▶ ACTIVITY
Would you reproduce the whole listing exactly, dropping any pictures it holds?
(DATASET EXTRACT Opens)
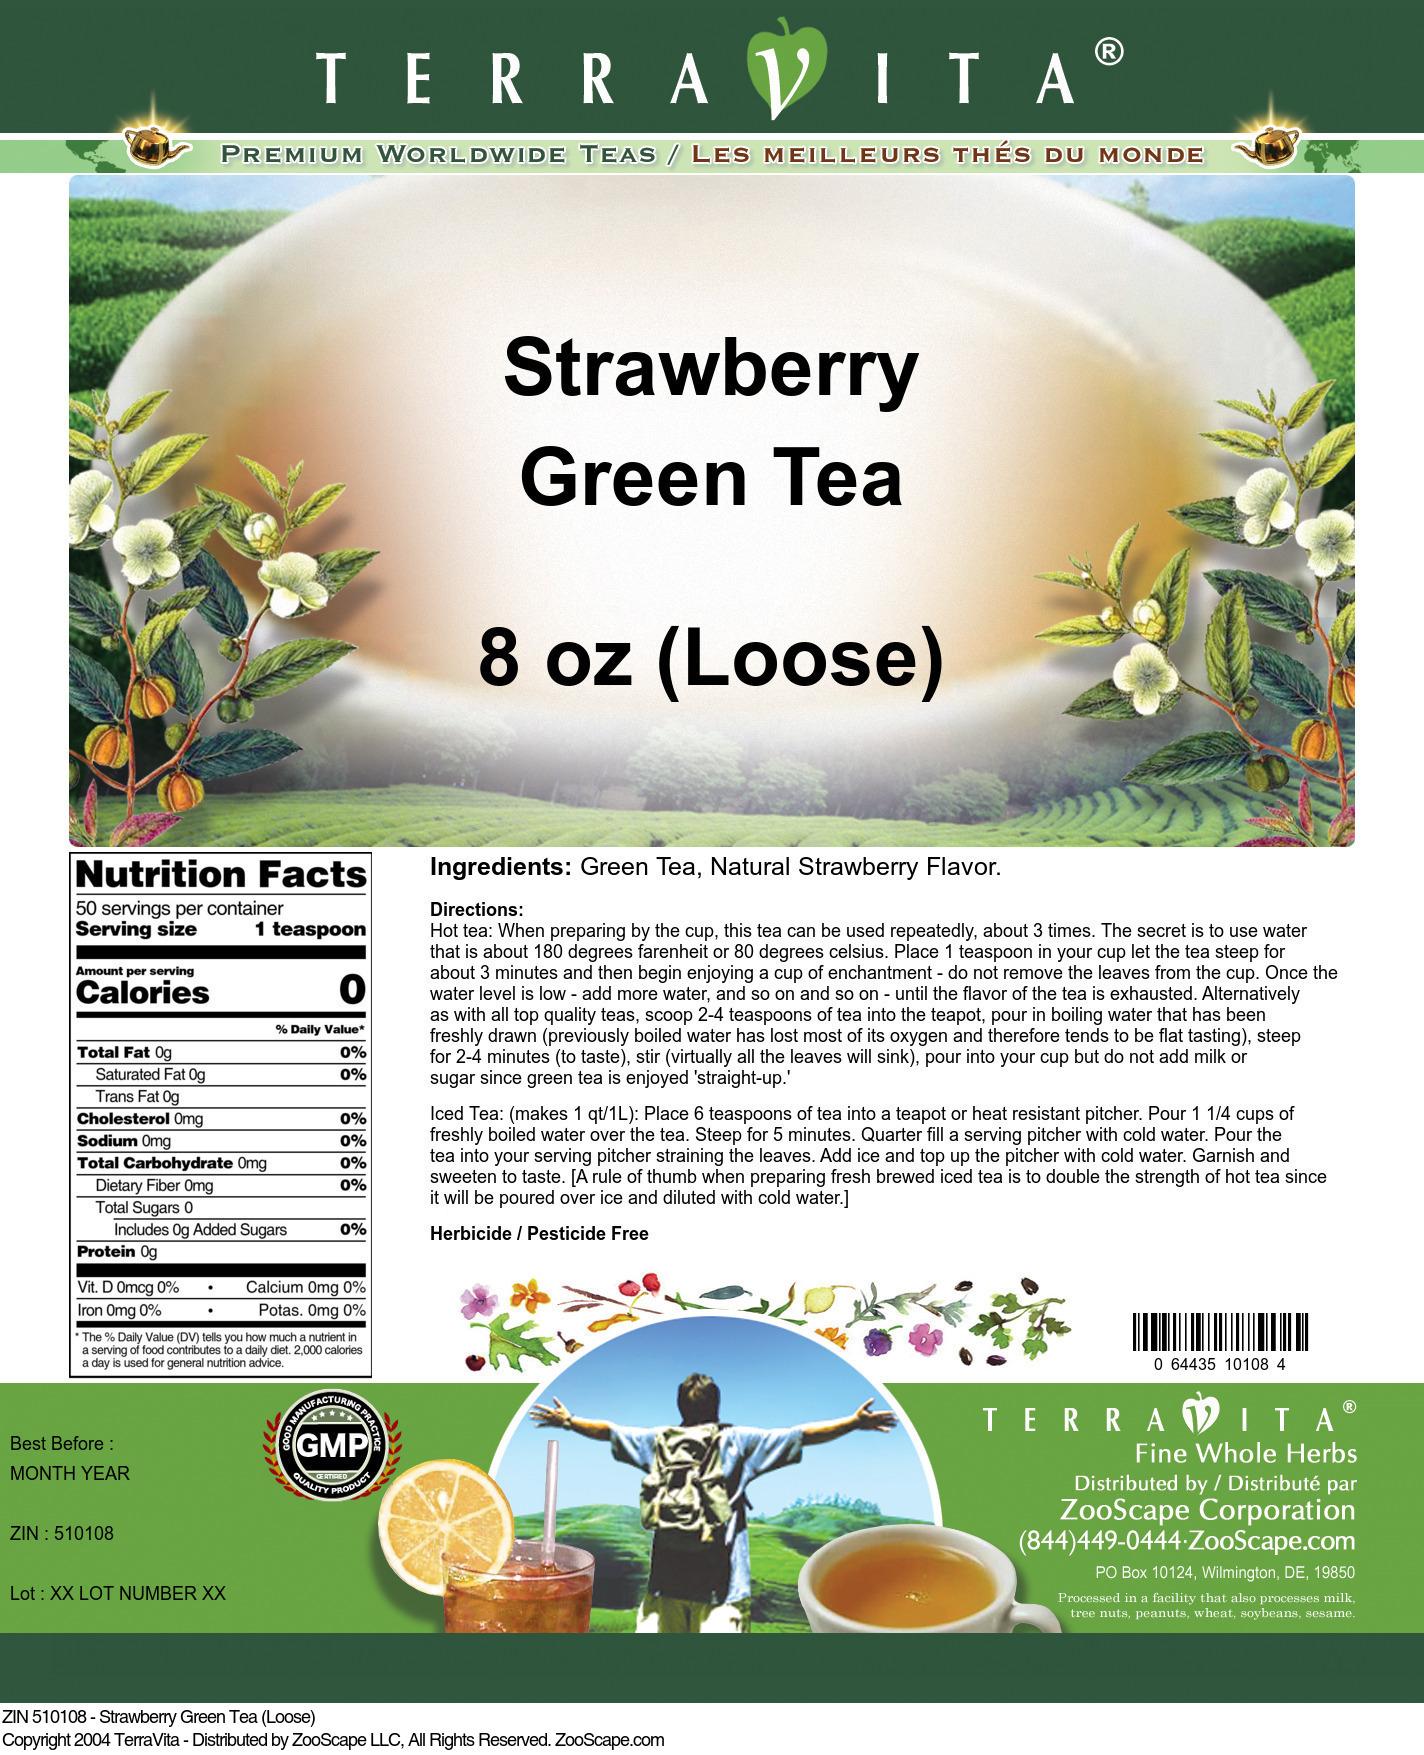 Strawberry Green Tea (Loose)
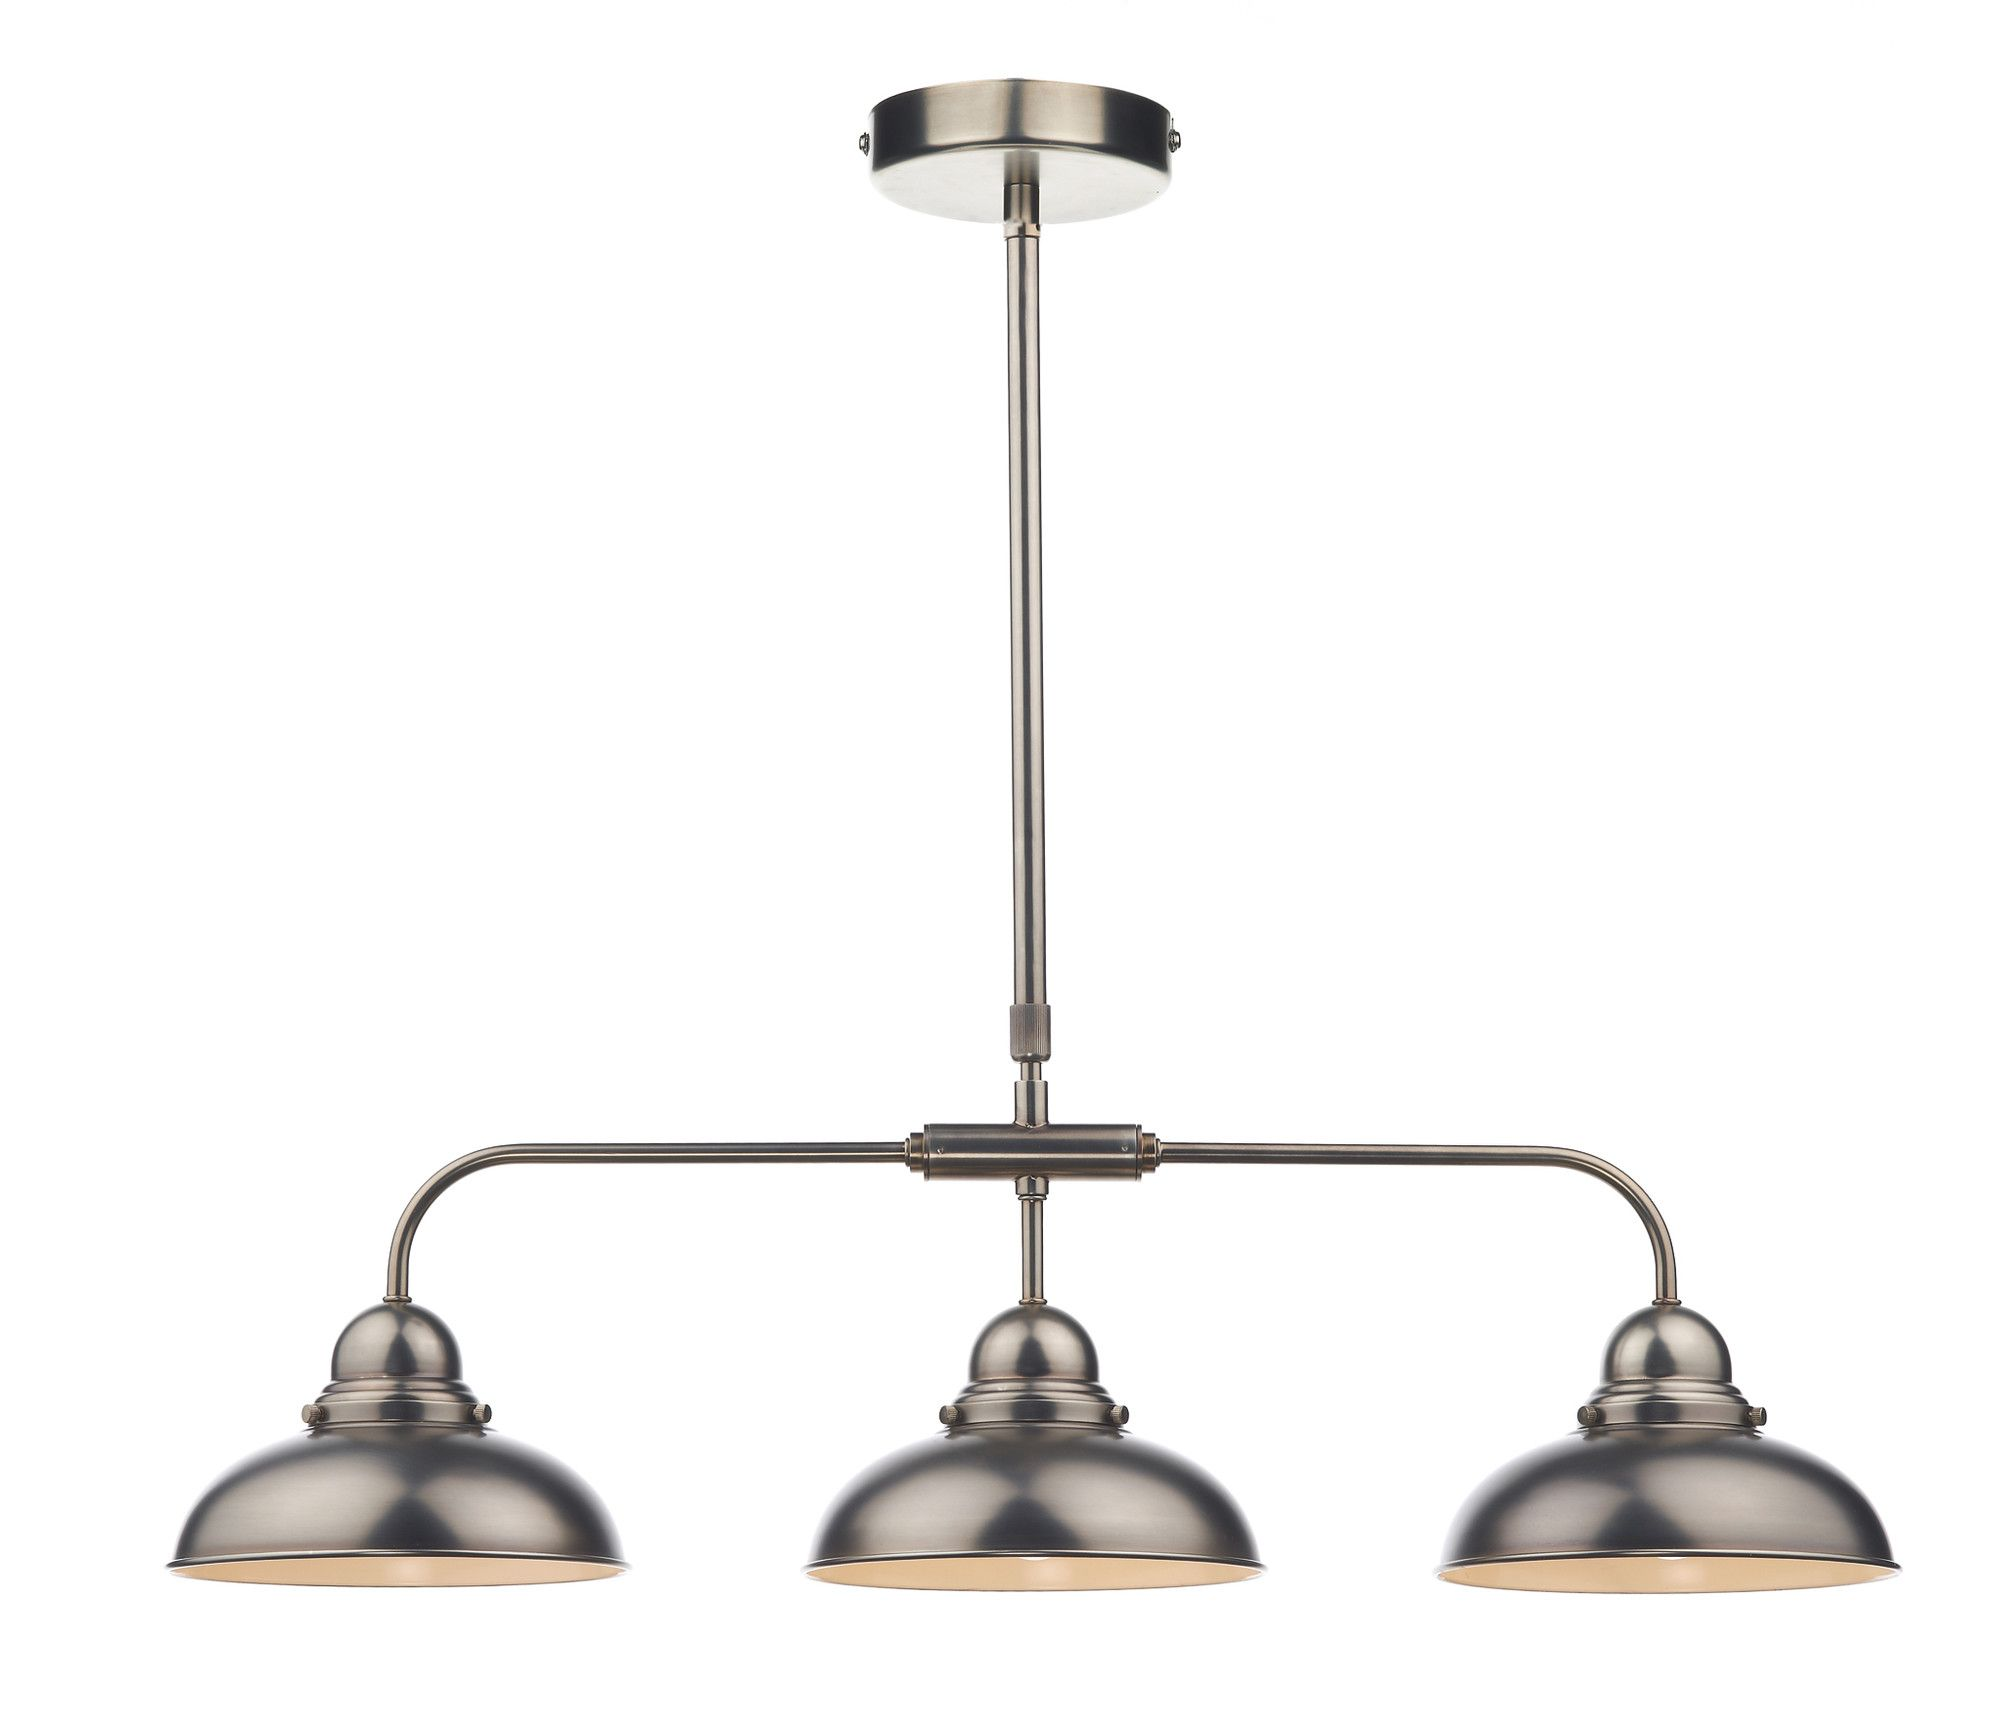 3 light kitchen island pendant rv appliances dar lighting dynamo
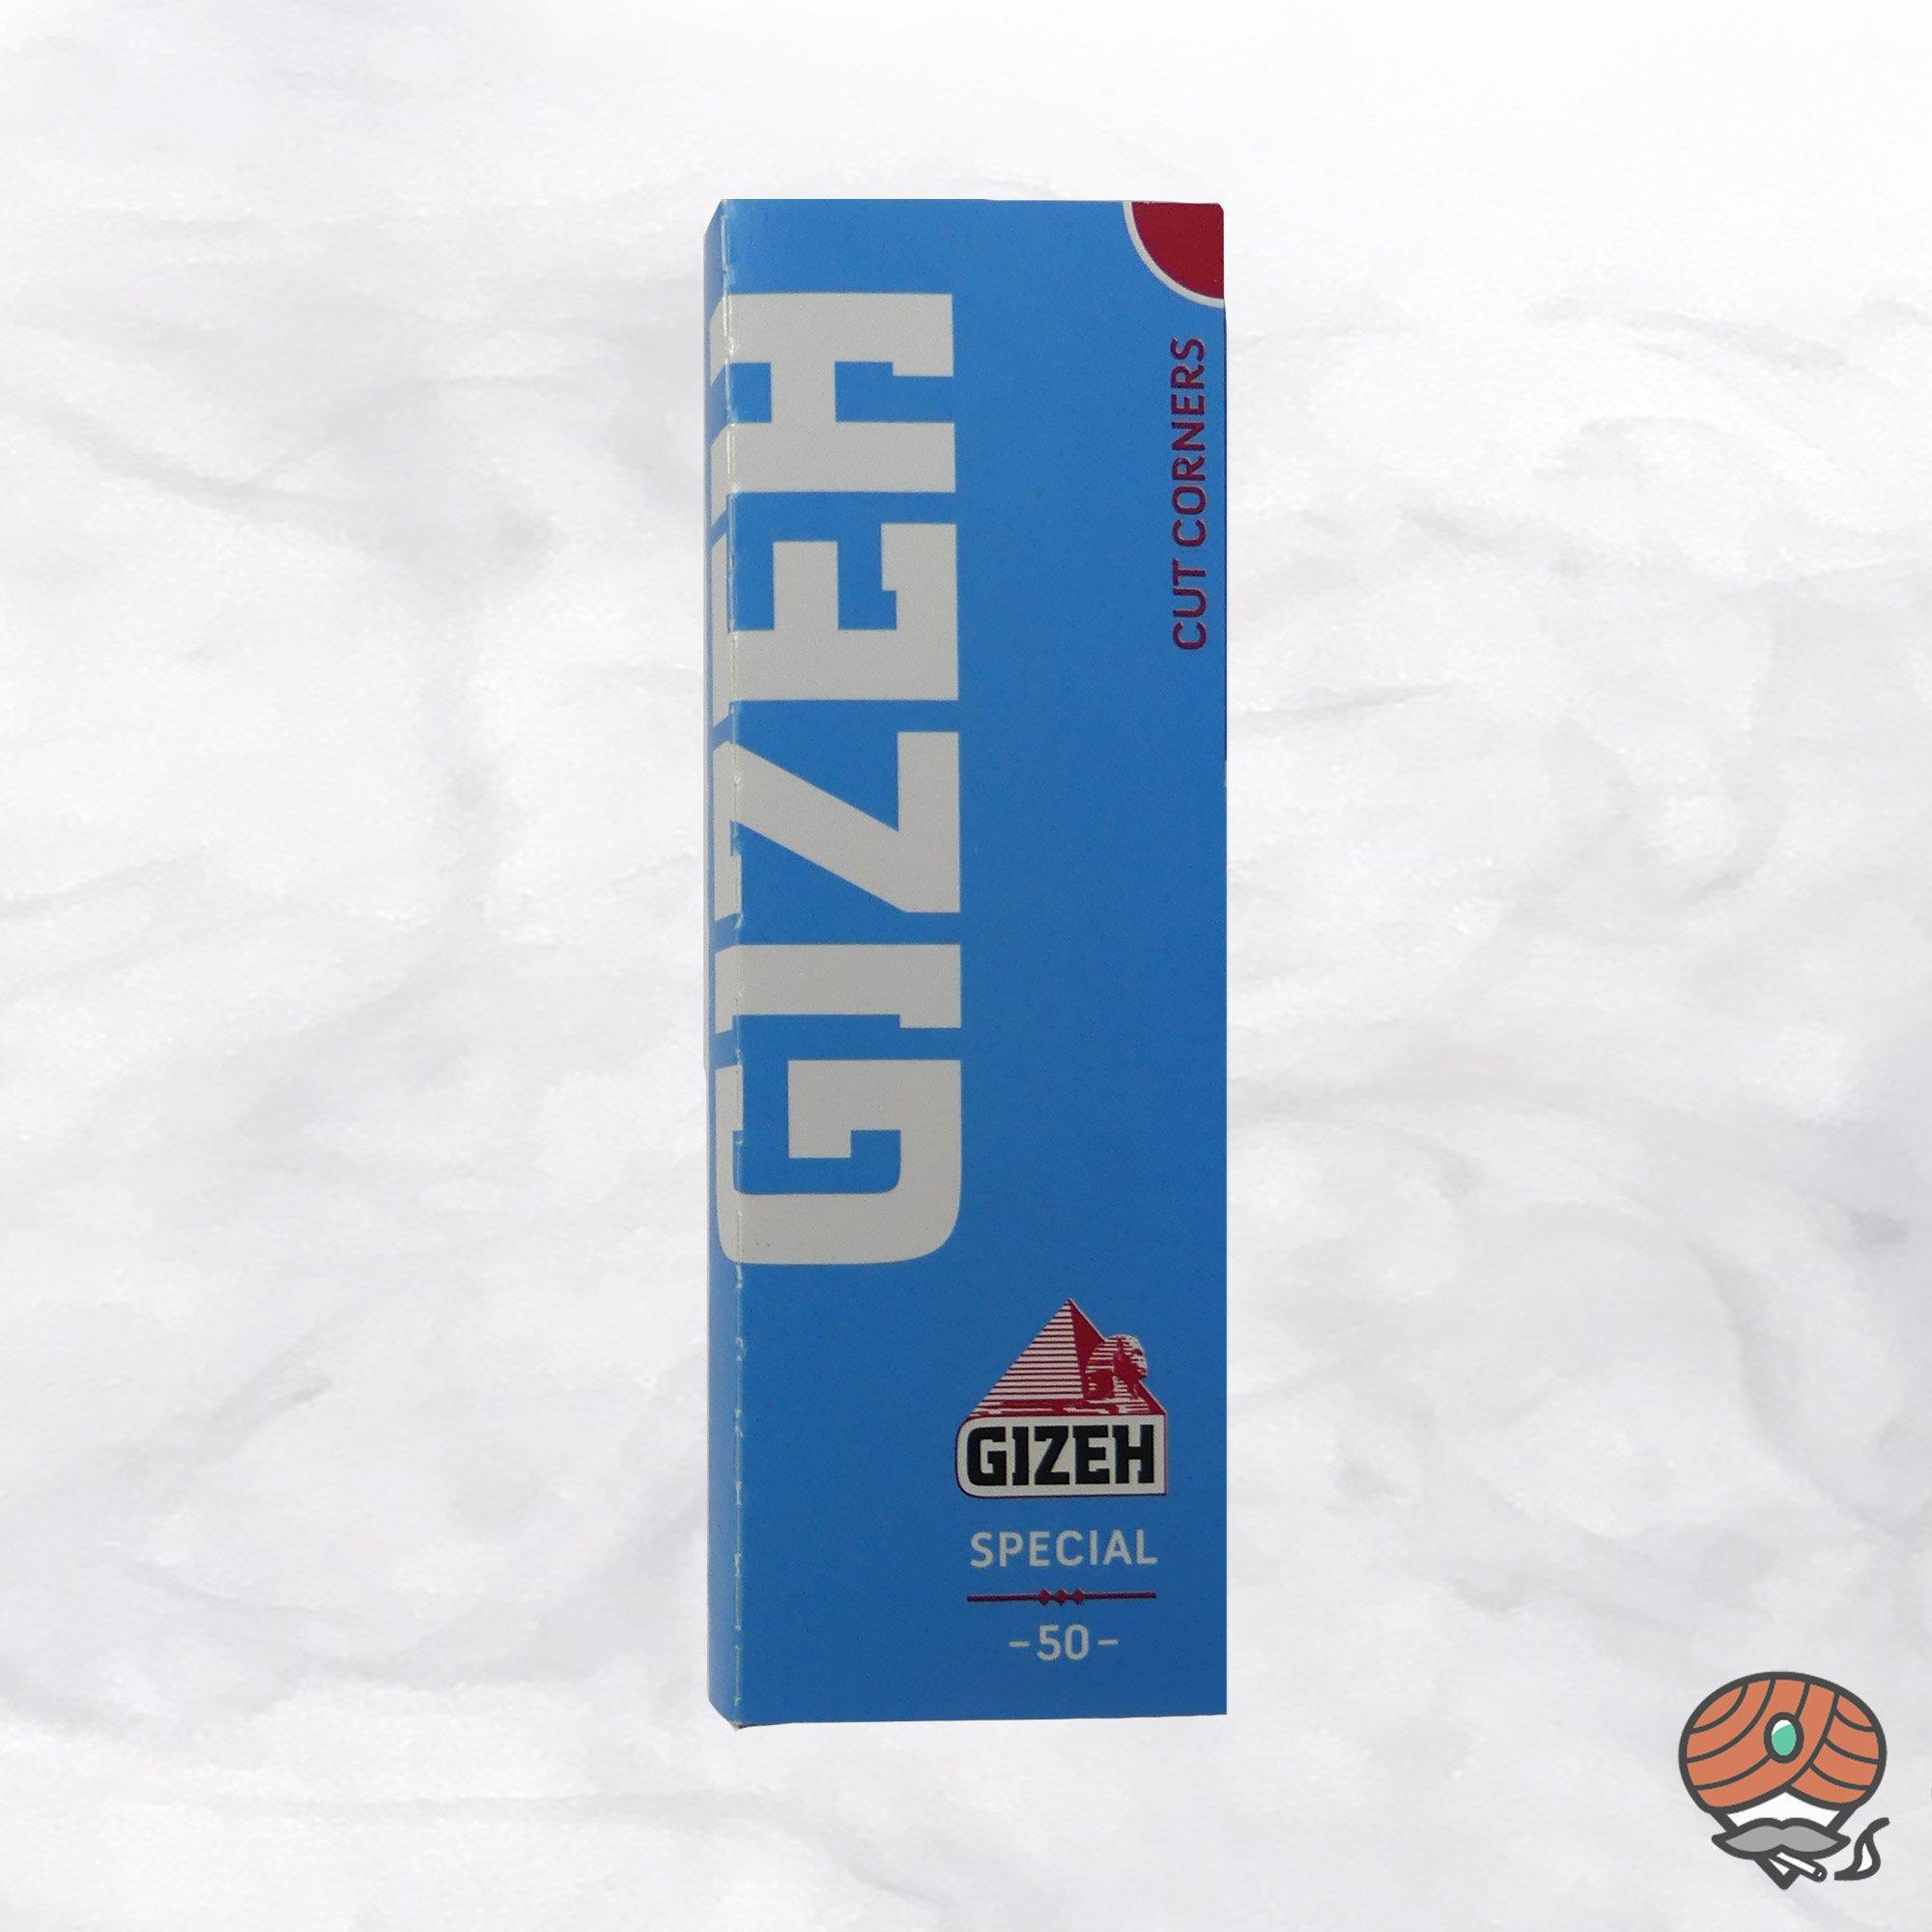 Gizeh Special Blau Blättchen à 50 Blatt
(DATASET EXTRACT Closes)
▶ TASK SOLUTION
 Strawberry Green Tea (Loose)
 3 light kitchen island pendant rv appliances dar lighting dynamo
 Gizeh Special Blau Blättchen à 50 Blatt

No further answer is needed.